Instructions for the task: Repeat all of the entries, please, keeping each line exact.

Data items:

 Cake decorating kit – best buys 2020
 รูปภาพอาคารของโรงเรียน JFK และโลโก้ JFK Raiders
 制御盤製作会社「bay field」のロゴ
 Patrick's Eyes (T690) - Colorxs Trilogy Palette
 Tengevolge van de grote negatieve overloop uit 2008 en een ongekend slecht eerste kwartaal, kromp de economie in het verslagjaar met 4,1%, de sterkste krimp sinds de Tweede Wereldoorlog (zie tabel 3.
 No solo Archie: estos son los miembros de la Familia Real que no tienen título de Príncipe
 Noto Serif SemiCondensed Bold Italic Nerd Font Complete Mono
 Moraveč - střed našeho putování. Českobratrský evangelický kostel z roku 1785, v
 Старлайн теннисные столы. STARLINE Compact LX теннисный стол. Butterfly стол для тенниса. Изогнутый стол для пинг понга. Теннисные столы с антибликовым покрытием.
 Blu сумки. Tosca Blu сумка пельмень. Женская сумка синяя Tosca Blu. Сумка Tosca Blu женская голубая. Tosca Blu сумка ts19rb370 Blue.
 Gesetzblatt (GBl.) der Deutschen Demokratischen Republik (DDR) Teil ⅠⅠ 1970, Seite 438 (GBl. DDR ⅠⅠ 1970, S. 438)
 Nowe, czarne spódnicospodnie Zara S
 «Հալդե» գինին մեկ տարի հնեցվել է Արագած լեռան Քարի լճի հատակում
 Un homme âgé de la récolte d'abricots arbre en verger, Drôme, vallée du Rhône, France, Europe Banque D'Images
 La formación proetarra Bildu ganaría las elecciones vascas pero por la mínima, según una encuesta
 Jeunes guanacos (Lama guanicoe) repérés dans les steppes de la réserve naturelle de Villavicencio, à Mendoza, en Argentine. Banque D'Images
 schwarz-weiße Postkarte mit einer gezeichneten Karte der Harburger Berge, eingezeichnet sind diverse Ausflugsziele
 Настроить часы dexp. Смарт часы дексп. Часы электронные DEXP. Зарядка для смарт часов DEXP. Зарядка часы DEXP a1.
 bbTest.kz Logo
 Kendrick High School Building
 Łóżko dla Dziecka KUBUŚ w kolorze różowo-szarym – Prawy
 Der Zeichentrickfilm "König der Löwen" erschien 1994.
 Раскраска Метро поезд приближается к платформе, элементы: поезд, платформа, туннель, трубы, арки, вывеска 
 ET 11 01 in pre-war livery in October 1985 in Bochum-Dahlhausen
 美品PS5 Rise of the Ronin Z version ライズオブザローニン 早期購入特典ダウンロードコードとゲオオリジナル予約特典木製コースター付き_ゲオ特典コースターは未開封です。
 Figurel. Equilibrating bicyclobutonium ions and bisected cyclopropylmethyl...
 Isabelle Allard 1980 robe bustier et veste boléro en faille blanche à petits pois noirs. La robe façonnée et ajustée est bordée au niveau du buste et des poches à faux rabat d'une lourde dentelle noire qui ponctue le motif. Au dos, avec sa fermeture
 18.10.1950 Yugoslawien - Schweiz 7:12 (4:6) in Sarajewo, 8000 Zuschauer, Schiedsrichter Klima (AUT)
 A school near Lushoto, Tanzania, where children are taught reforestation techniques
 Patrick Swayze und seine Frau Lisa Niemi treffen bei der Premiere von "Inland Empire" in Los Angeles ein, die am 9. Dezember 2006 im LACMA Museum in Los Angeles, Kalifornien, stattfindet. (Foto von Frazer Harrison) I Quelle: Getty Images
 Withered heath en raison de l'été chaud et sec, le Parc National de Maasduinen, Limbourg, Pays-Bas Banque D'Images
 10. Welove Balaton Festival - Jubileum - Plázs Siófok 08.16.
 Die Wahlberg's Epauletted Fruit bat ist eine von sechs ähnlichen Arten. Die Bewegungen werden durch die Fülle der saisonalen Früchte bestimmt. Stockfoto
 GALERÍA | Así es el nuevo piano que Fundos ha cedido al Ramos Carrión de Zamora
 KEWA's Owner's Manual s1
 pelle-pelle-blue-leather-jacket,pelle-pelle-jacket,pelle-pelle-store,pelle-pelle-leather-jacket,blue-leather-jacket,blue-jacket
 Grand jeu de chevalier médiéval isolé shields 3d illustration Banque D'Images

Written solution:
 Cake decorating kit – best buys 2020
 รูปภาพอาคารของโรงเรียน JFK และโลโก้ JFK Raiders
 制御盤製作会社「bay field」のロゴ
 Patrick's Eyes (T690) - Colorxs Trilogy Palette
 Tengevolge van de grote negatieve overloop uit 2008 en een ongekend slecht eerste kwartaal, kromp de economie in het verslagjaar met 4,1%, de sterkste krimp sinds de Tweede Wereldoorlog (zie tabel 3.
 No solo Archie: estos son los miembros de la Familia Real que no tienen título de Príncipe
 Noto Serif SemiCondensed Bold Italic Nerd Font Complete Mono
 Moraveč - střed našeho putování. Českobratrský evangelický kostel z roku 1785, v
 Старлайн теннисные столы. STARLINE Compact LX теннисный стол. Butterfly стол для тенниса. Изогнутый стол для пинг понга. Теннисные столы с антибликовым покрытием.
 Blu сумки. Tosca Blu сумка пельмень. Женская сумка синяя Tosca Blu. Сумка Tosca Blu женская голубая. Tosca Blu сумка ts19rb370 Blue.
 Gesetzblatt (GBl.) der Deutschen Demokratischen Republik (DDR) Teil ⅠⅠ 1970, Seite 438 (GBl. DDR ⅠⅠ 1970, S. 438)
 Nowe, czarne spódnicospodnie Zara S
 «Հալդե» գինին մեկ տարի հնեցվել է Արագած լեռան Քարի լճի հատակում
 Un homme âgé de la récolte d'abricots arbre en verger, Drôme, vallée du Rhône, France, Europe Banque D'Images
 La formación proetarra Bildu ganaría las elecciones vascas pero por la mínima, según una encuesta
 Jeunes guanacos (Lama guanicoe) repérés dans les steppes de la réserve naturelle de Villavicencio, à Mendoza, en Argentine. Banque D'Images
 schwarz-weiße Postkarte mit einer gezeichneten Karte der Harburger Berge, eingezeichnet sind diverse Ausflugsziele
 Настроить часы dexp. Смарт часы дексп. Часы электронные DEXP. Зарядка для смарт часов DEXP. Зарядка часы DEXP a1.
 bbTest.kz Logo
 Kendrick High School Building
 Łóżko dla Dziecka KUBUŚ w kolorze różowo-szarym – Prawy
 Der Zeichentrickfilm "König der Löwen" erschien 1994.
 Раскраска Метро поезд приближается к платформе, элементы: поезд, платформа, туннель, трубы, арки, вывеска 
 ET 11 01 in pre-war livery in October 1985 in Bochum-Dahlhausen
 美品PS5 Rise of the Ronin Z version ライズオブザローニン 早期購入特典ダウンロードコードとゲオオリジナル予約特典木製コースター付き_ゲオ特典コースターは未開封です。
 Figurel. Equilibrating bicyclobutonium ions and bisected cyclopropylmethyl...
 Isabelle Allard 1980 robe bustier et veste boléro en faille blanche à petits pois noirs. La robe façonnée et ajustée est bordée au niveau du buste et des poches à faux rabat d'une lourde dentelle noire qui ponctue le motif. Au dos, avec sa fermeture
 18.10.1950 Yugoslawien - Schweiz 7:12 (4:6) in Sarajewo, 8000 Zuschauer, Schiedsrichter Klima (AUT)
 A school near Lushoto, Tanzania, where children are taught reforestation techniques
 Patrick Swayze und seine Frau Lisa Niemi treffen bei der Premiere von "Inland Empire" in Los Angeles ein, die am 9. Dezember 2006 im LACMA Museum in Los Angeles, Kalifornien, stattfindet. (Foto von Frazer Harrison) I Quelle: Getty Images
 Withered heath en raison de l'été chaud et sec, le Parc National de Maasduinen, Limbourg, Pays-Bas Banque D'Images
 10. Welove Balaton Festival - Jubileum - Plázs Siófok 08.16.
 Die Wahlberg's Epauletted Fruit bat ist eine von sechs ähnlichen Arten. Die Bewegungen werden durch die Fülle der saisonalen Früchte bestimmt. Stockfoto
 GALERÍA | Así es el nuevo piano que Fundos ha cedido al Ramos Carrión de Zamora
 KEWA's Owner's Manual s1
 pelle-pelle-blue-leather-jacket,pelle-pelle-jacket,pelle-pelle-store,pelle-pelle-leather-jacket,blue-leather-jacket,blue-jacket
 Grand jeu de chevalier médiéval isolé shields 3d illustration Banque D'Images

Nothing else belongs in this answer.